[Activity] Please print the full listing below exactly, but not the pictures in it.

[Collected material]

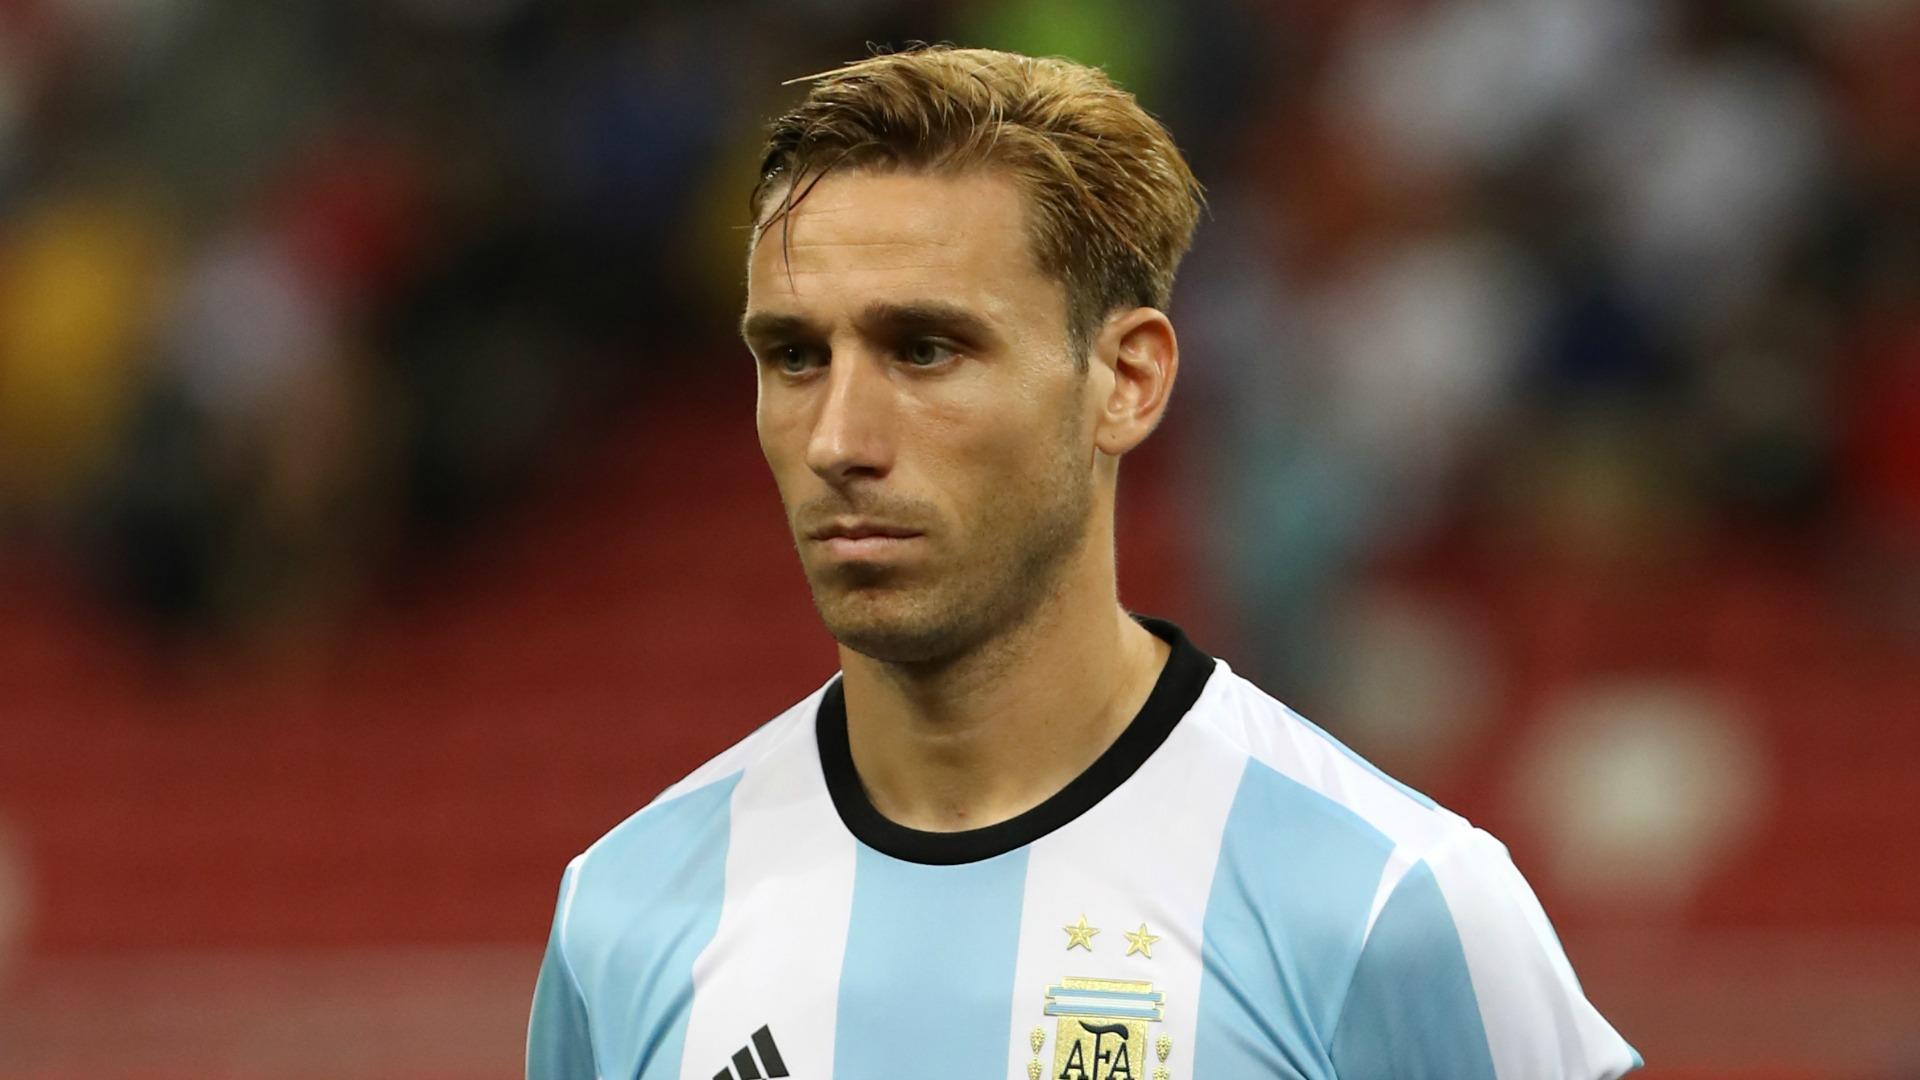 Leo Messi se convirtió en el goleador histórico de las Eliminatorias Sudamericanas
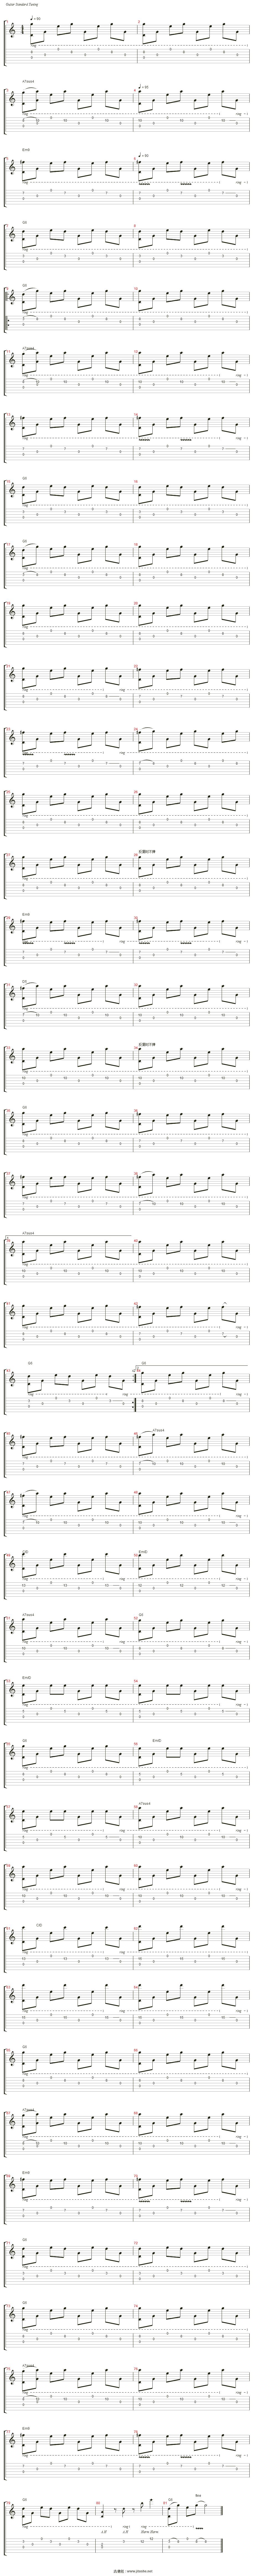 net 指示:key=g 节拍:♩ = 121 和弦:a7sus4 em9 g6 g6  g6  d5
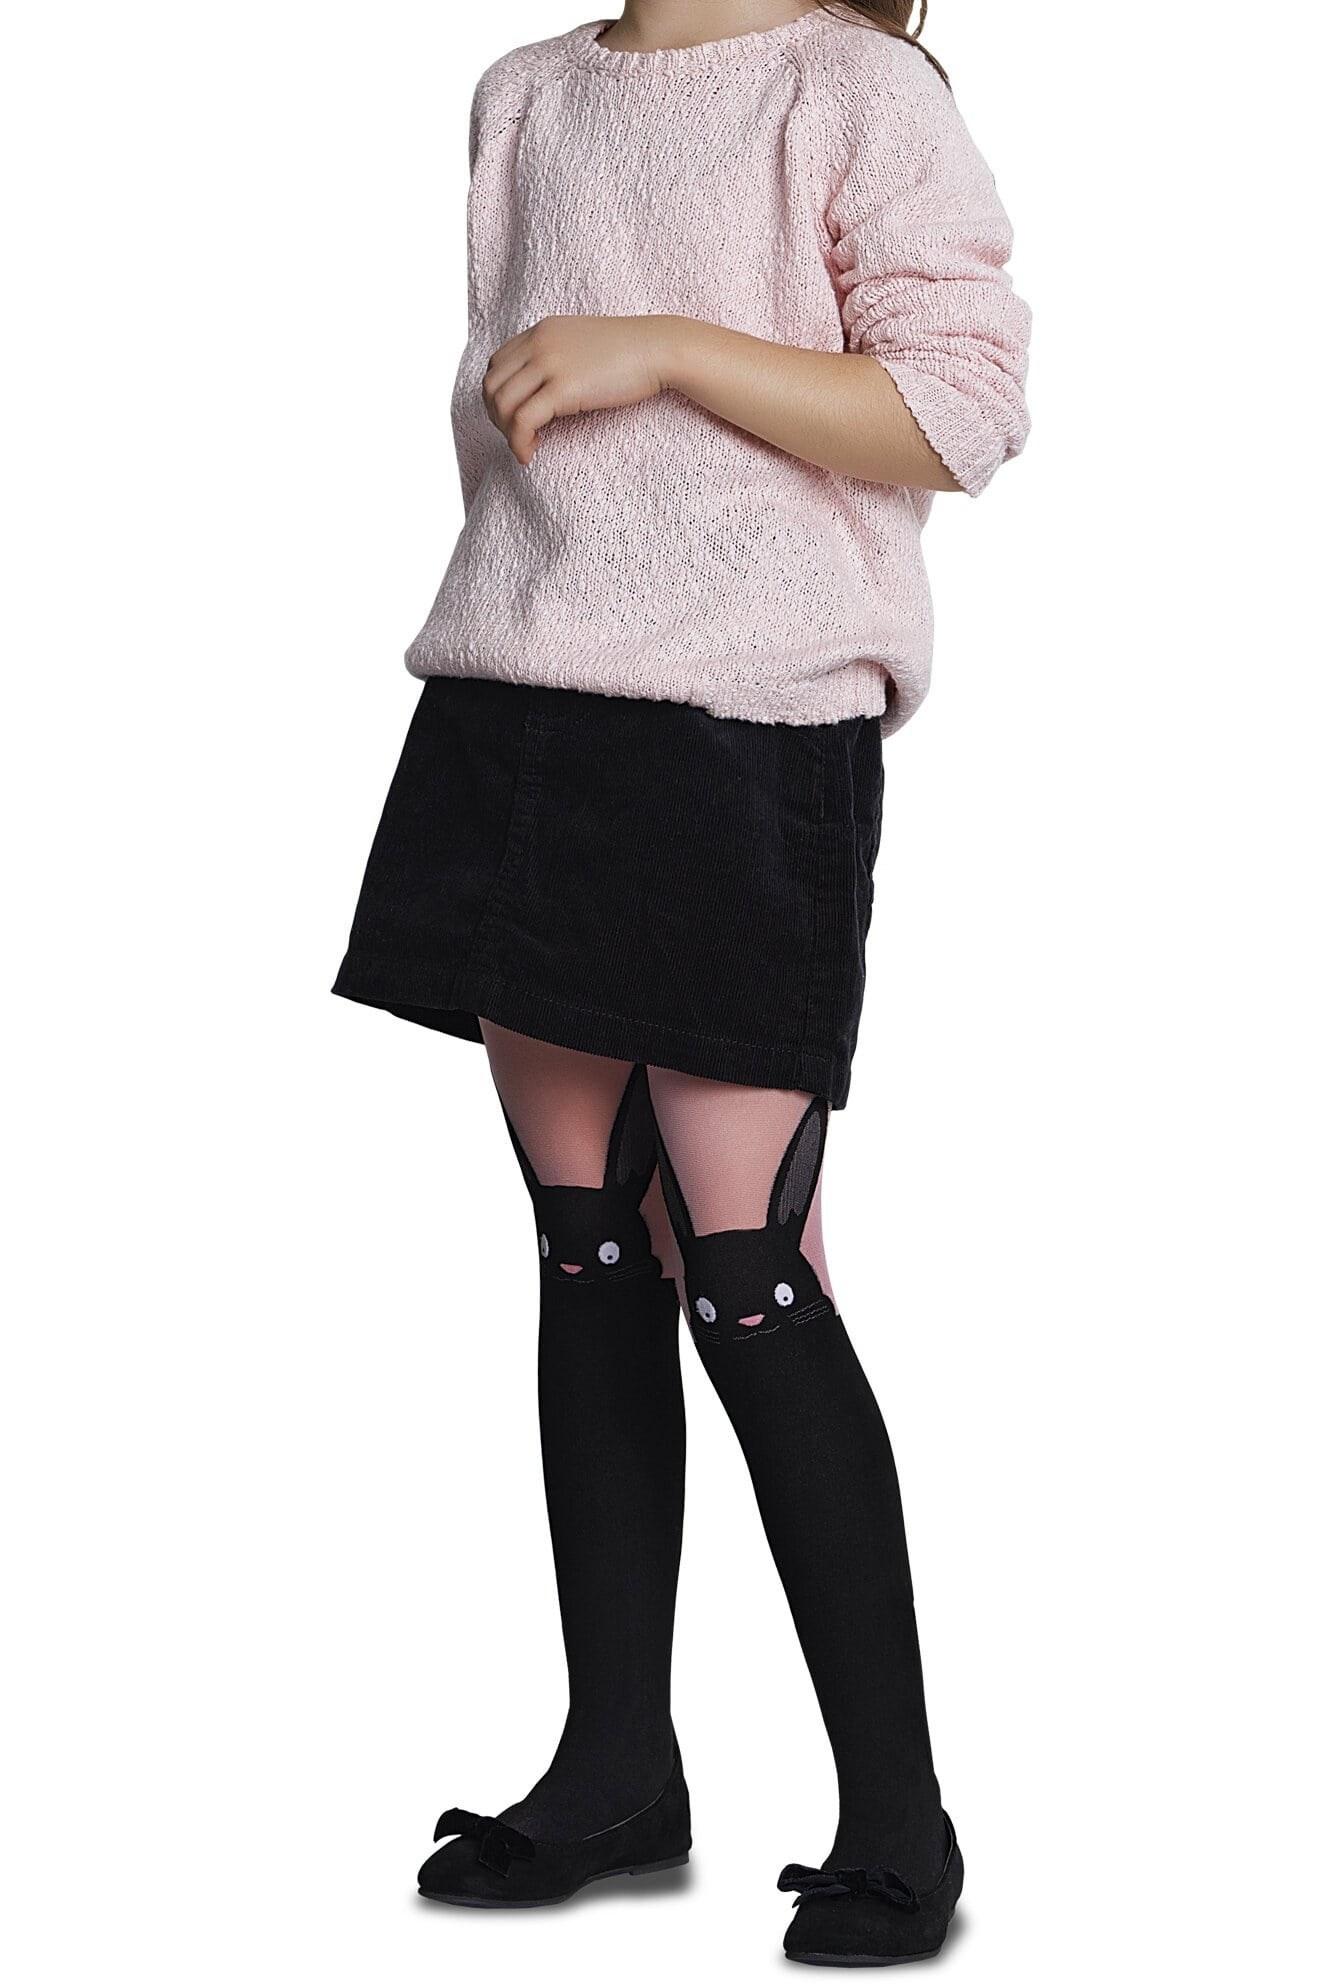 جوراب شلواری طرحدار دخترانه پنتی Bunny صورتی  
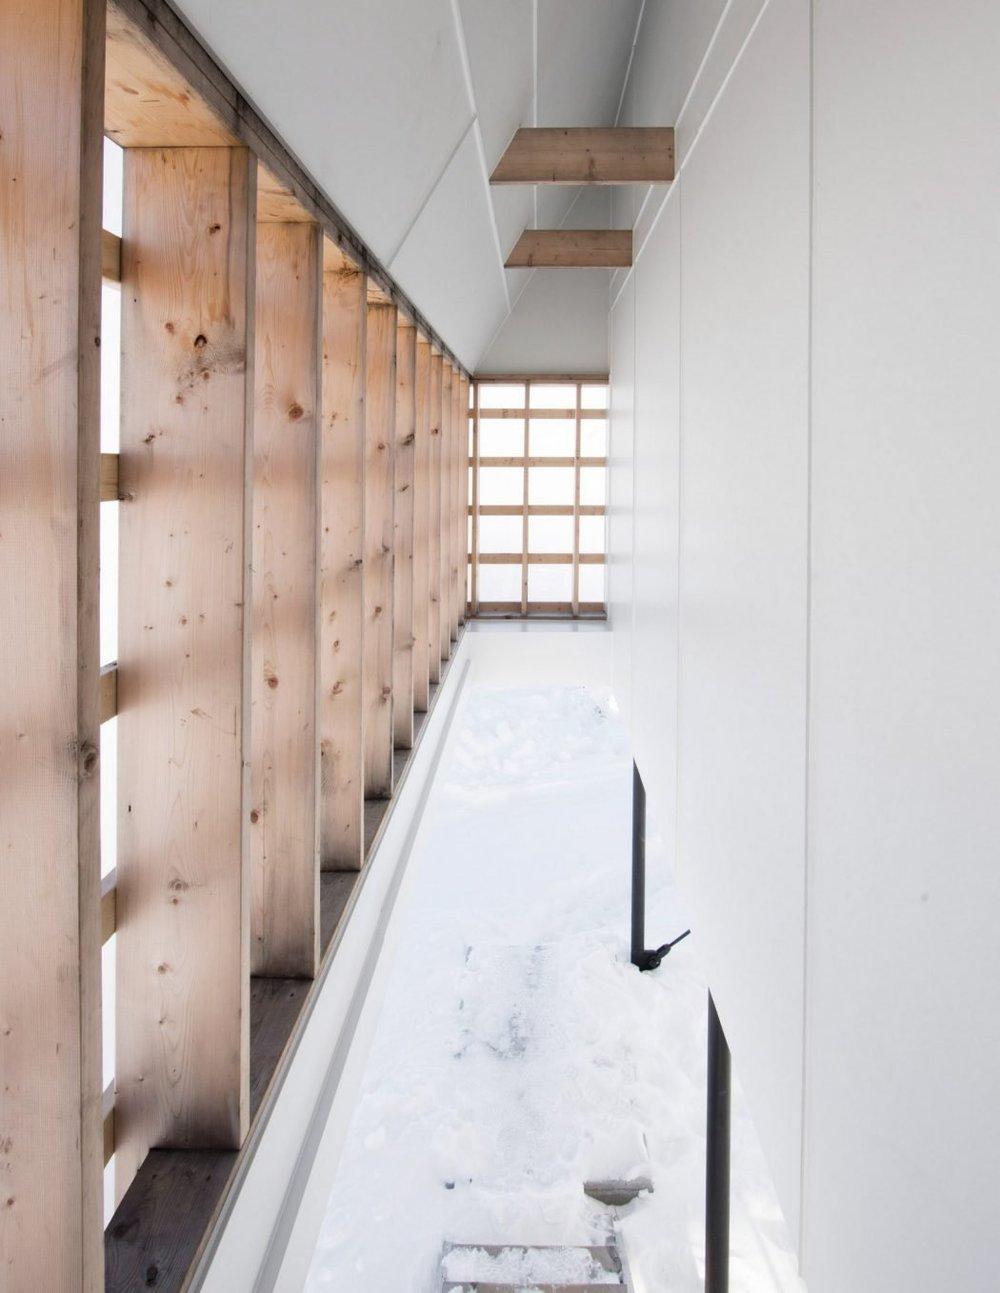 Delordinaire_Architecture-5-1050x1358.jpg

[Exercise solution]
 Leo Messi se convirtió en el goleador histórico de las Eliminatorias Sudamericanas
 net 指示:key=g 节拍:♩ = 121 和弦:a7sus4 em9 g6 g6  g6  d5
 جوراب شلواری طرحدار دخترانه پنتی Bunny صورتی  
 Delordinaire_Architecture-5-1050x1358.jpg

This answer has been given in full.